We reproduce the class inline so the guard is visible and the notebook runs without the full (torch-heavy) neuralset install.

# Reproduced verbatim from neuralset.extractors.neuro.FmriCleaner (neuralset 0.2.2)
# so this notebook is self-contained. Source: github.com/facebookresearch/neuroai

class FmriCleaner(pydantic.BaseModel):
    """Configuration for fMRI signal cleaning."""

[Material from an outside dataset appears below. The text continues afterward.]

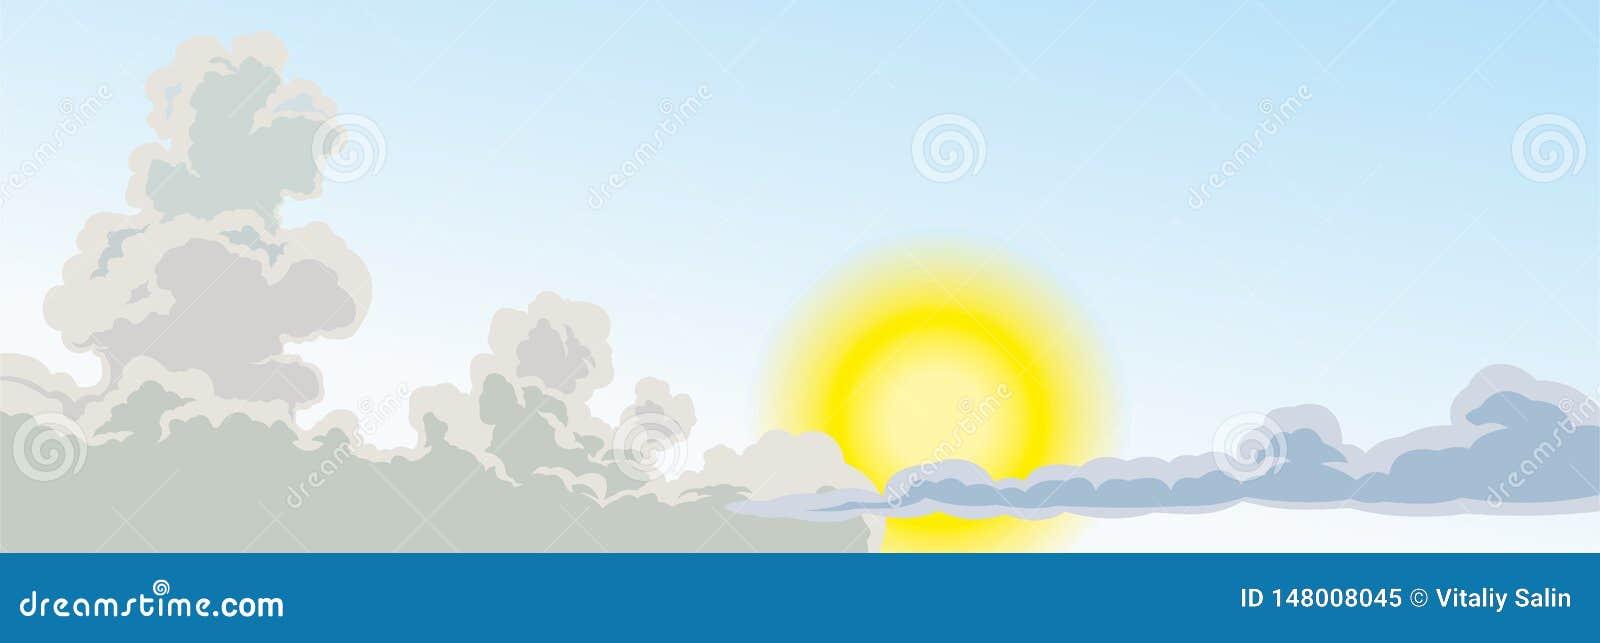 Hemel met wolken en heldere zon zon en wolken, ontwerp voor uw projecten

    model_config = pydantic.ConfigDict(extra="forbid")
    standardize: Literal["zscore_sample", "zscore", "psc"] | bool = "zscore_sample"
    detrend: bool = True
    high_pass: float | None = None
    low_pass: float | None = None
    filter: Literal["butterworth", "cosine"] | None = None
    ensure_finite: bool = True

    def clean(self, data: np.ndarray, t_r: float) -> np.ndarray:
        if (
            self.detrend
            or self.standardize
            or (self.high_pass is not None)
            or (self.low_pass is not None)
        ):
            import nilearn.signal

            data = data.T  # set time as first dim
            shape = data.shape
            data = nilearn.signal.clean(
                data.reshape(shape[0], -1),
                t_r=t_r,
                standardize=self.standardize,
                high_pass=self.high_pass,
                low_pass=self.low_pass,
                filter=self.filter,
                detrend=self.detrend,
                ensure_finite=self.ensure_finite,
            )
            data = data.reshape(shape).T
        return data

A config object, not a function

FmriCleaner is a pydantic.BaseModel: every field is typed and validated, defaults are declared once, and extra="forbid" means a misspelled option is rejected at construction instead of silently ignored. This is the pattern neuralset uses for all its configs.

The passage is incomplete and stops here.